Среди зарослей было душно, как в парнике, летали и ползали неприятные насекомые. Жене всегда было непонятно, зачем бежать, если можно спрятаться, а уж тем более, если имеешь дело с взрослым врагом. Сперва было дико страшно, и сердце стучало до тошноты, потом стало нормально, а потом – скучно. Тогда она решила сама с собой во что-то поиграть и стала медленно-медленно обходить периметр голубятни. Джунгли были со всех сторон одинаковые, в них ничего, кроме этой высокой, с жирным красноватым стеблем травы, не росло, только валялся иногда всякий мусор. Потому, когда в глубине чащи Женя увидела что-то большое и чёрное, ей стало любопытно. Сначала было достаточно лишь гадать, что это: камень ли, старая ли чья-то куртка или же мешок с мусором. Потом любопытство взяло верх. Чем ближе Женя приближалась, тем страшнее ей становилось, уже казалось, что оно живое, жуткое и дышит.
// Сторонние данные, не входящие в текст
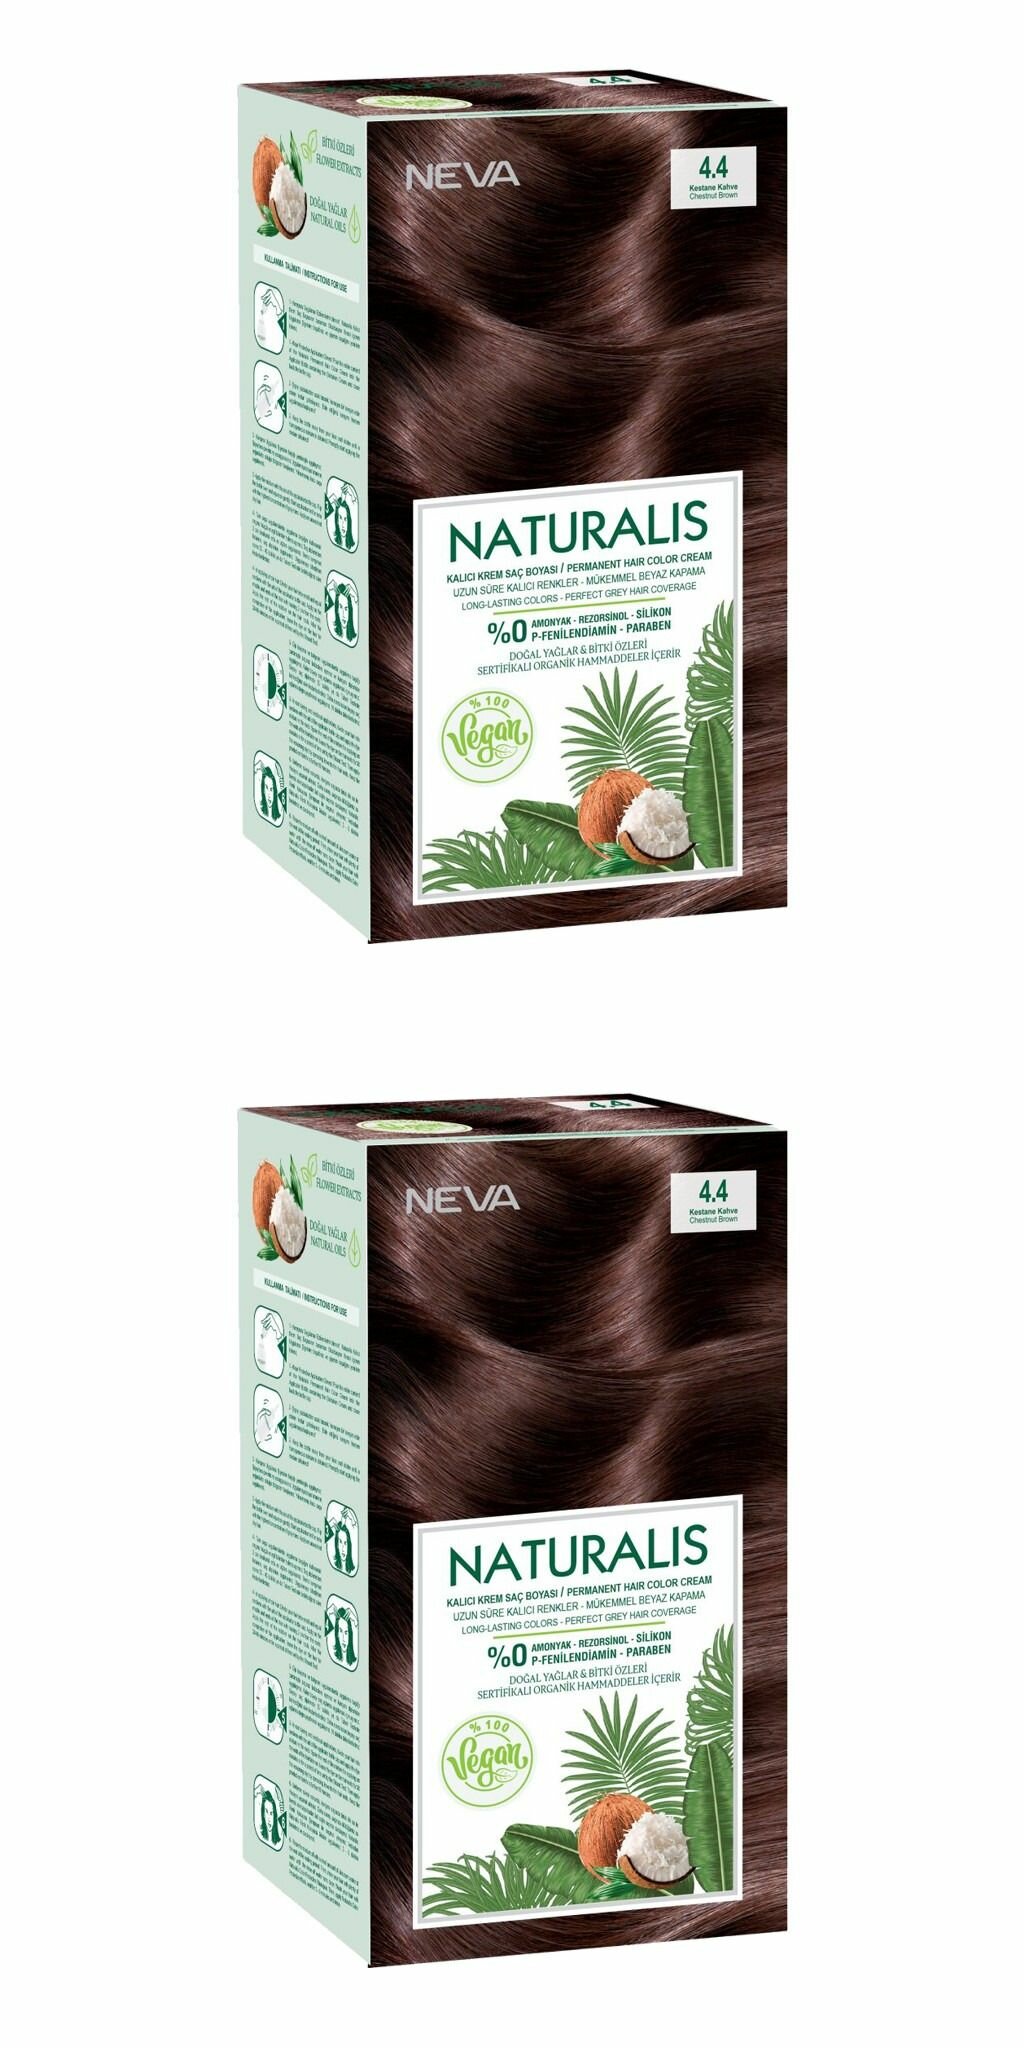 Naturalis Стойкая крем-краска для волос Vegan, Chestnut Brown 4.4, Кофейный каштан, 2 шт.
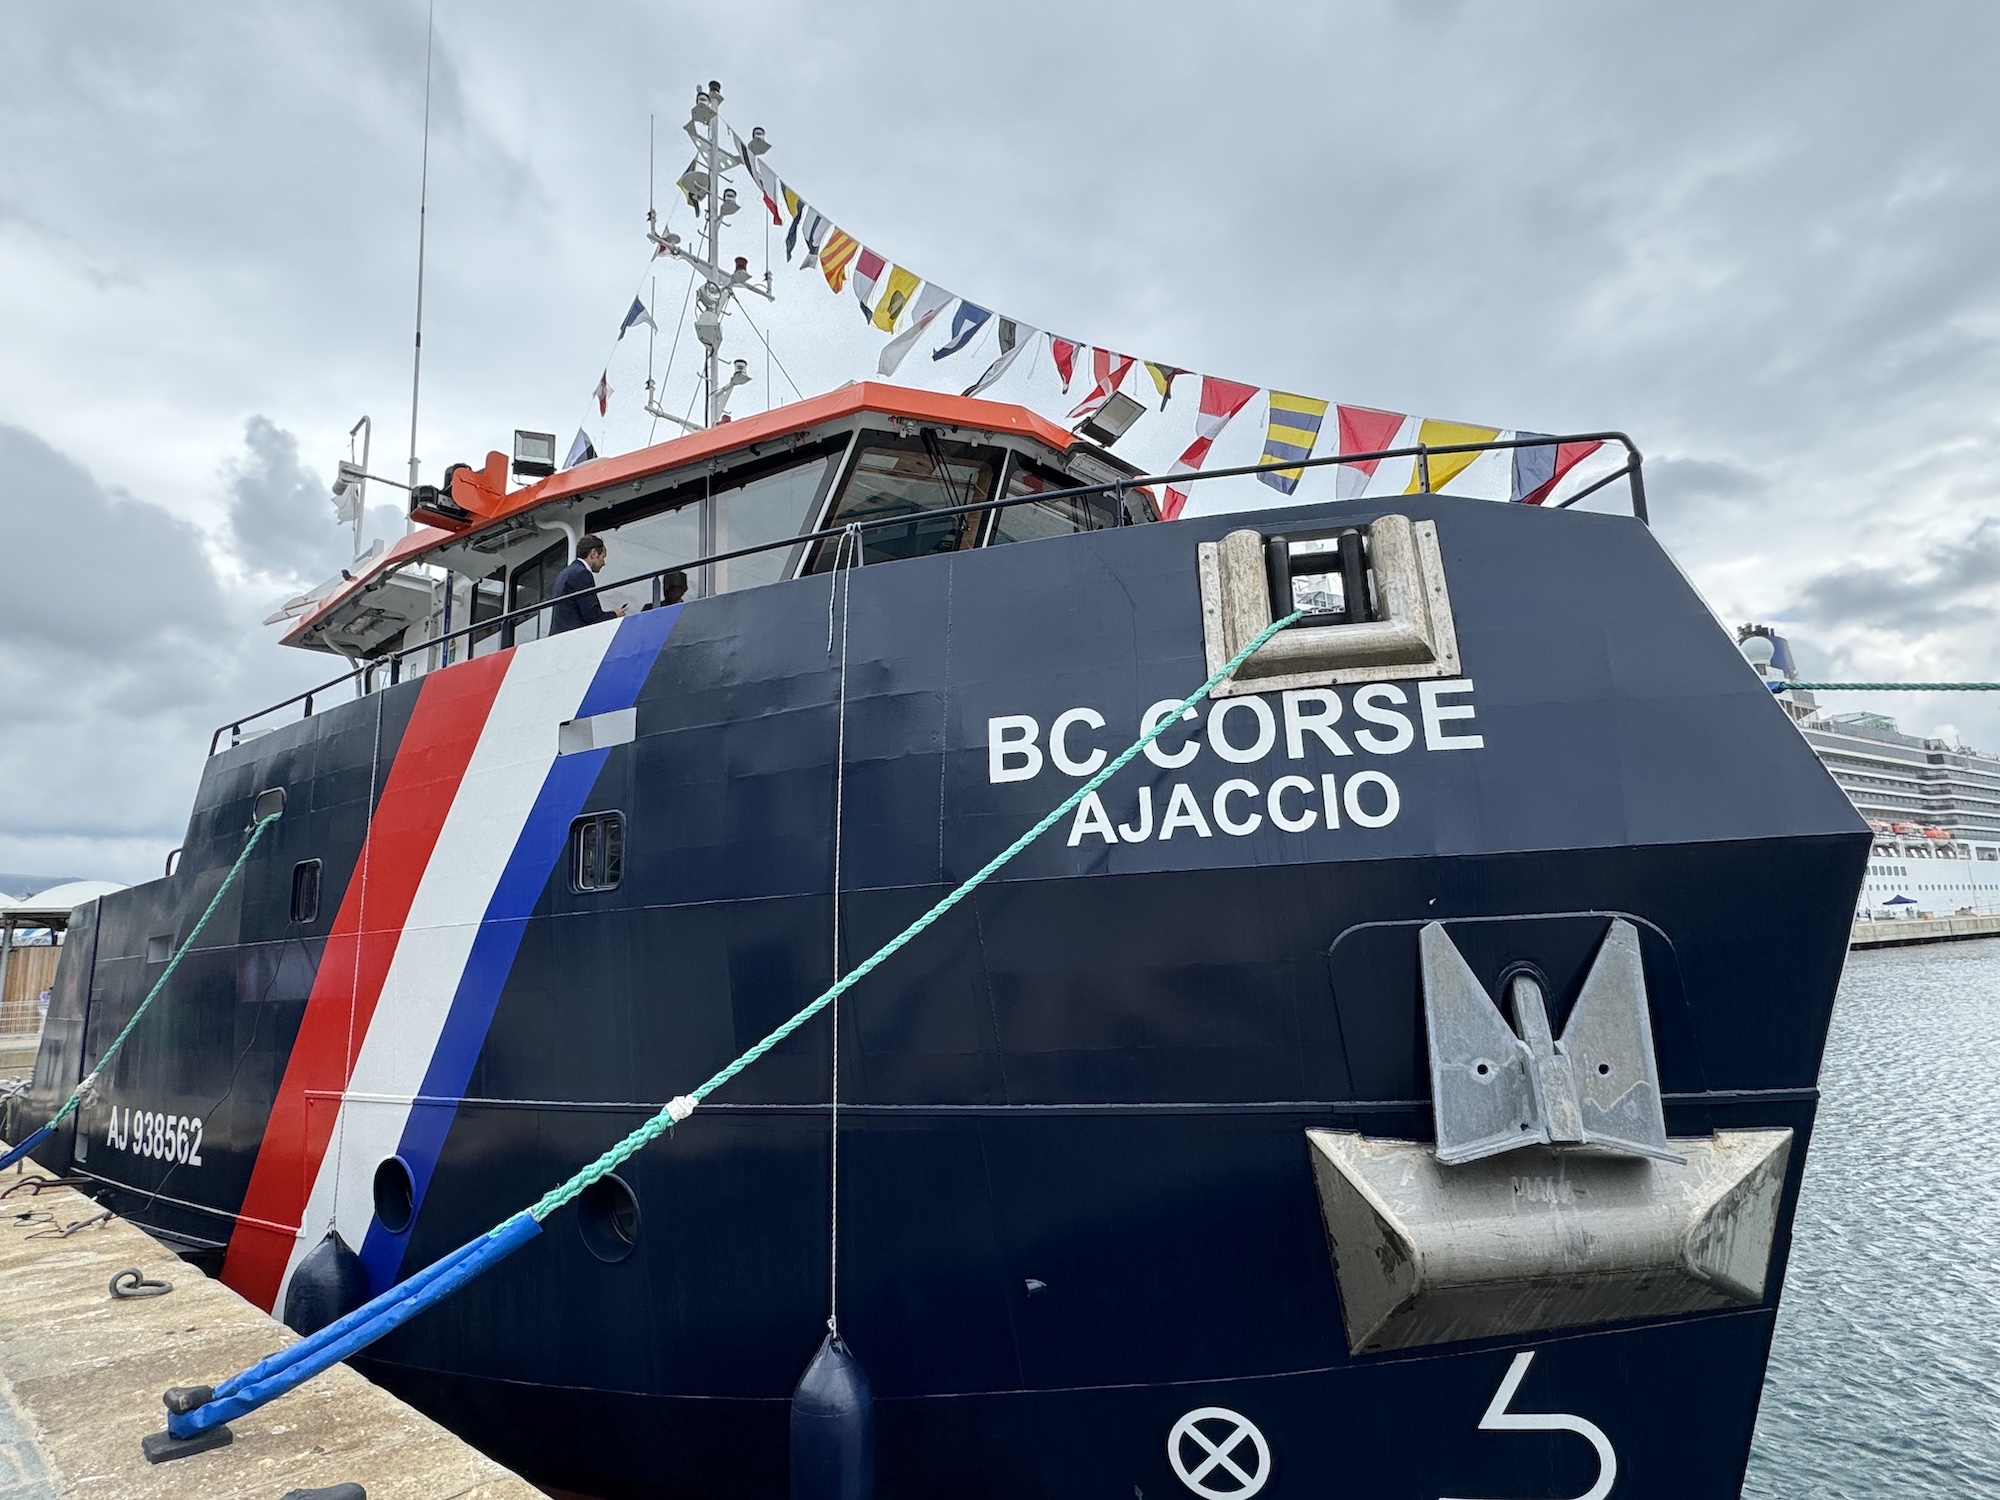 Le BC Corse a rejoint l'armement des Phares et Balises à Ajaccio fin 2023

Сплинтер лежала на боку, вся перепачканная болотной гадостью, она тяжело дышала и глядела на девочку ужасным желтым глазом. Женя сначала решила просто уйти и даже немного ушла, но вернулась. Смотреть на Сплинтер не хотелось, трогать – тоже, бросить – как-то совсем не хорошо. Женя отвернулась, села на корточки и начала думать. А когда придумала – стала рвать и вытаптывать джунгли вокруг собаки. Она ставила метку.
В таком вялом состоянии Сплинтер в будку под кустом никак не помещалась, потому её положили рядом, на той же тряпке, на которой и несли. Арина плакала и сквозь слёзы говорила, что такую больную собаку ей точно завести не разрешат. Толик её успокаивал обещаниями привести брата, который учится на ветеринарном.
В половине девятого пришел Толин брат, он был белобрысый и весьма взрослый, лет, наверное, пятнадцать, у него с собой был чемоданчик. В чемоданчике оказалось много всяких ампул с полустёртыми названиями. Жене всегда нравилось играть в доктора и аптеку. Теперь ей очень хотелось потрогать всё это, но она стеснялась старшего брата. Его звали Серёжа, и, конечно же, у него не было никаких вшей, и у Толика, кстати, тоже не было. Серёжа отломил верхушечку у ампулы, набрал в шприц бесцветную жидкость и уколол больную прямо в ногу. Он проделал эту операцию несколько раз, девочки были поражены его профессионализмом. Серёжа обещал, что от лекарства Сплинтер заснёт, за ночь вылечится, а завтра всё будет уже хорошо. По дороге домой абсолютно счастливая Арина рассказывала Жене, как её родители тоже полюбят эту собаку.
Ночью Женя проснулась от каких-то хлопков и треска, ей подумалось, что это может быть салют. Она открыла окно и высунулась почти наполовину, пытаясь вглядеться туда, где хлопало. Стали лететь комары, и пришлось вернуться в постель. Ей уже снилось, как она читает зоологический словарь, когда под окнами проехала пожарная машина.
Утром оказалось, что Сплинтер почему-то не выздоровела, а умерла. Девочки, конечно, плакали. Доктора виноватым никто не считал, потому Женя с Ариной обрадовались, когда Толик пообещал отдать бывшую собаку старшему брату на исследования. Подруги последний раз посмотрели на Сплинтер, взялись за руки и пошли на пепелище голубятни. Там от расплавленных бутылок остались такие прикольные блинчики. Каждая выбрала себе по пять красивеньких, и они отправились на ручей отмывать их от пепла, чтобы потом придумать какую-нибудь другую интересную игру.